Thank you. I'm Adi Ignatius.

1:01.5

I'm Alison Beard, and this is the HBR Ideacast.

1:10.2

All right, so Allison, did you know there is a social media report that says the lead article in last month's Harvard Business Review is actually a coded prophecy for the end of the world, and this thing is going crazy viral.

1:23.8

Wow, that is highly alarming. I didn't know that.

1:47.3

Well, because it, of course, didn't happen. And that's really the topic of this week's IdeaCast, fake news, and how companies can respond to it. Yeah, it's interesting because I think about this so much in the realm of politics and science, but I haven't really thought about it affecting businesses.

1:52.7

Is it pretty prevalent? Yeah, it is prevalent. I mean, it's hard to say exactly who the perpetrators are, whether it's rivals, whether it's short sellers, whether it's just trolls trying to create

1:57.1

some entertainment for themselves.
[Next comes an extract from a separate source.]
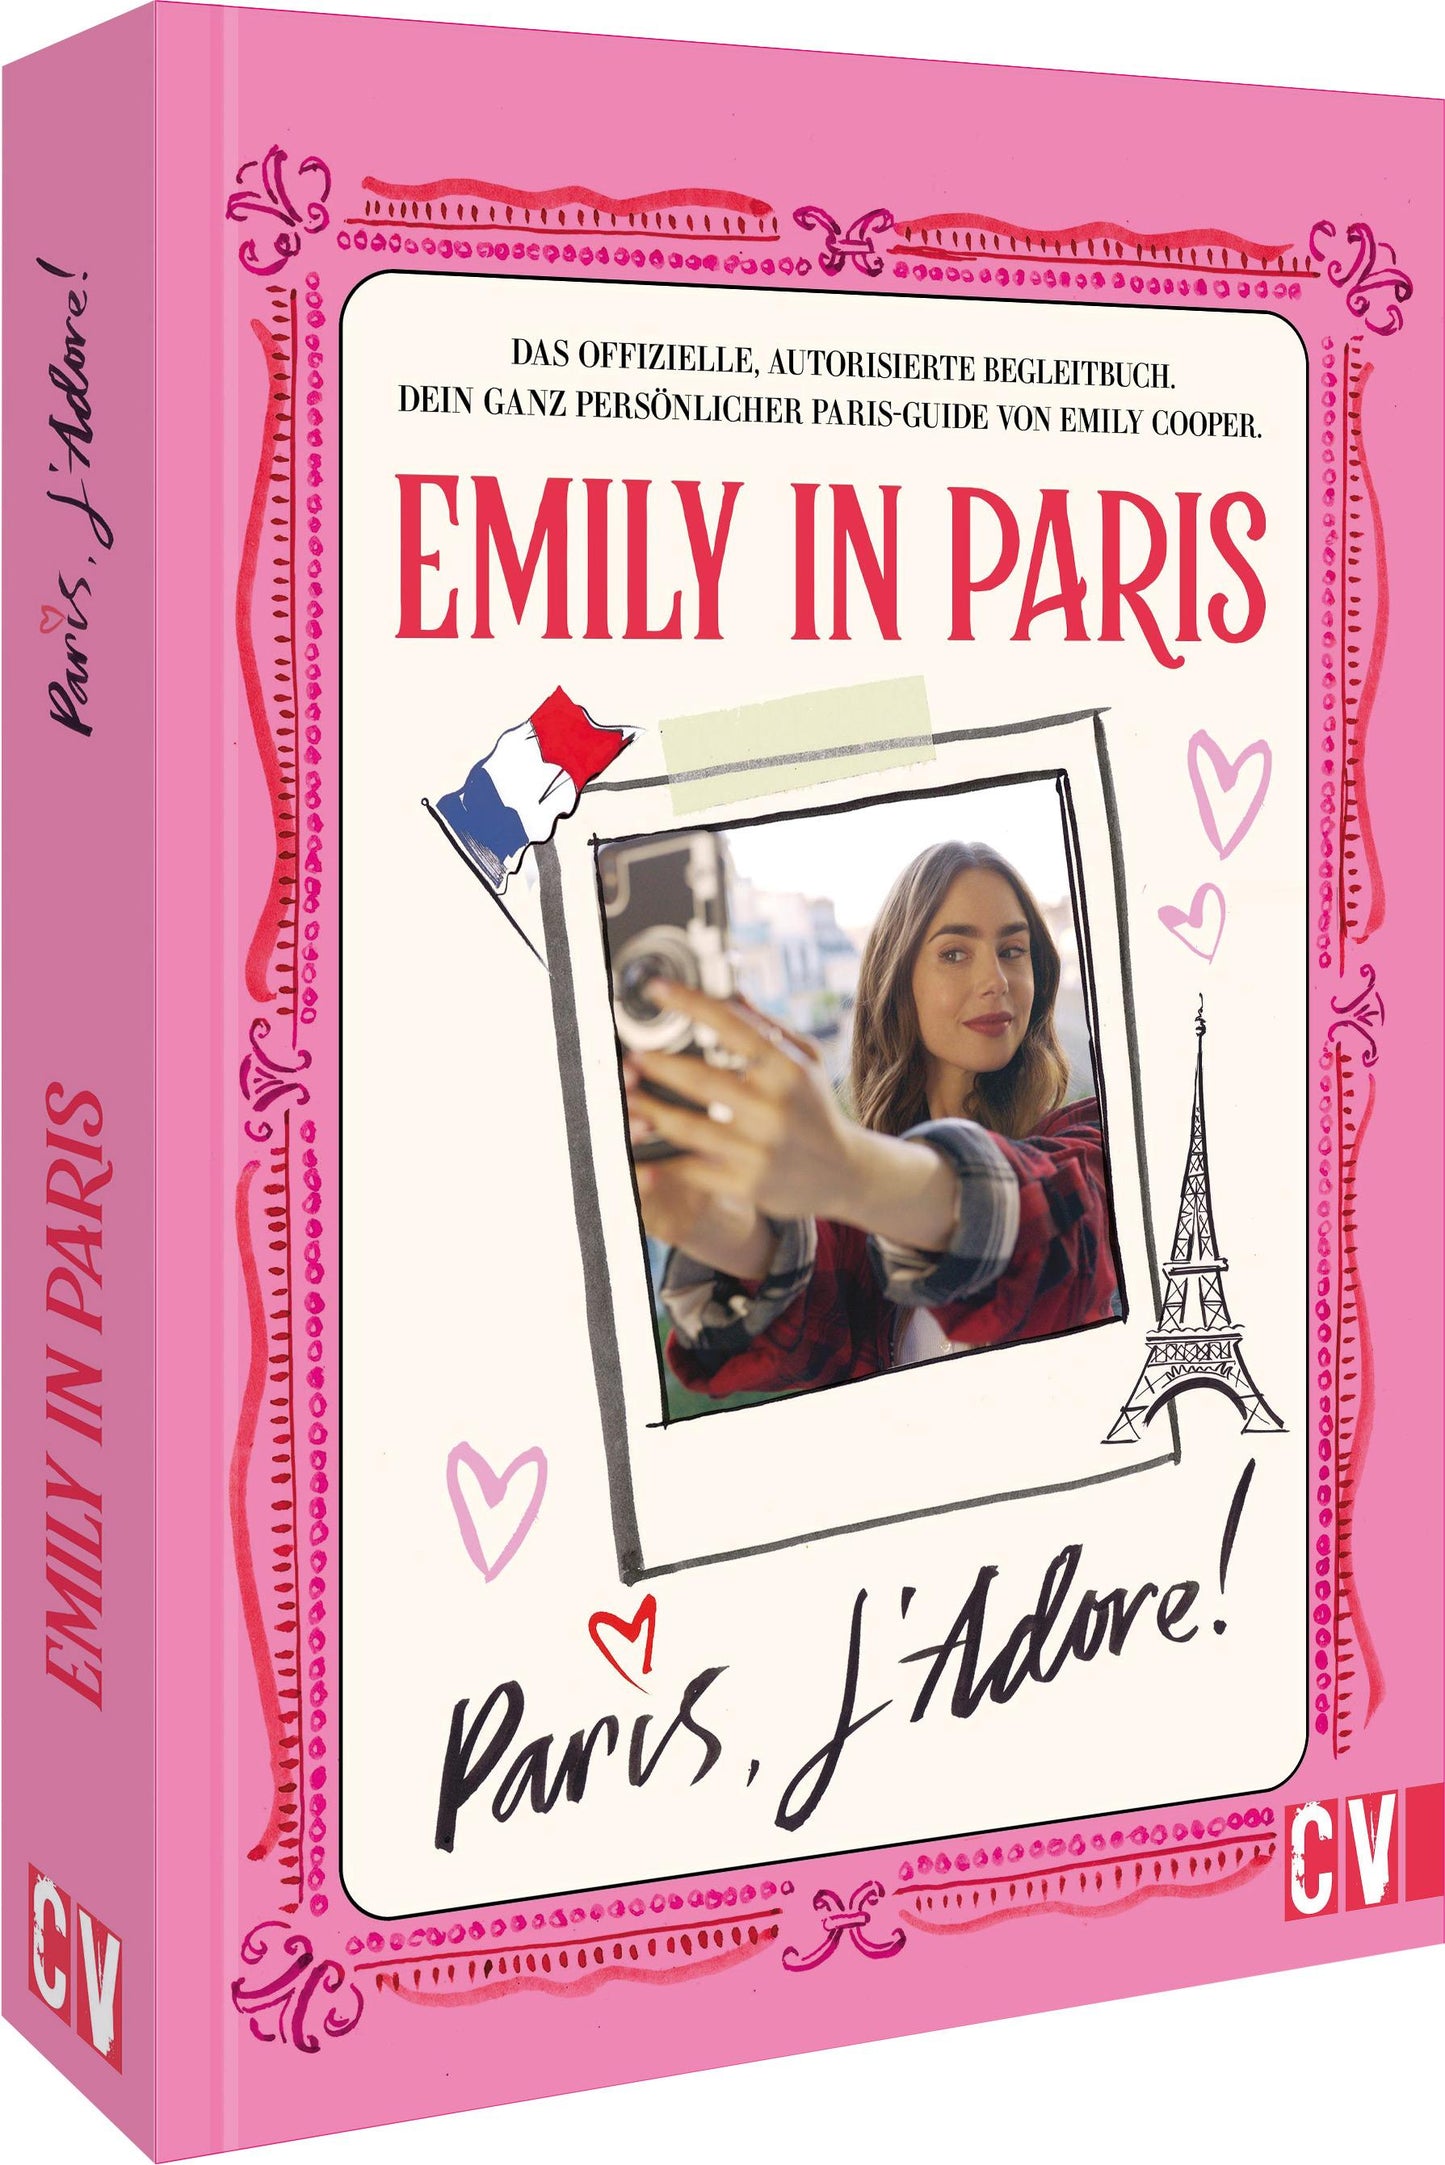 Emily in Paris – Paris, J'Adore!: Das offizielle Begleitbuch zur beliebten Netflix-Serie »Emily in Paris«. Dein ganz persönlicher Paris-Guide von Emily Cooper.

You know, there's a case a few years ago, Albert Borla, the CEO of Pfizer, was shown in

2:03.5

a video supposedly saying that by a certain year, we will reduce the number of people in the

2:08.2

world by 50%.

2:09.7

Okay, that's not a good statement, but that's not what he said.

2:12.8

What he had said was we will reduce the number of people in the world who cannot afford

2:16.9

our medicines by 50%.

2:18.3

Somebody doctored it and Pfizer had to deal with a fallout.

...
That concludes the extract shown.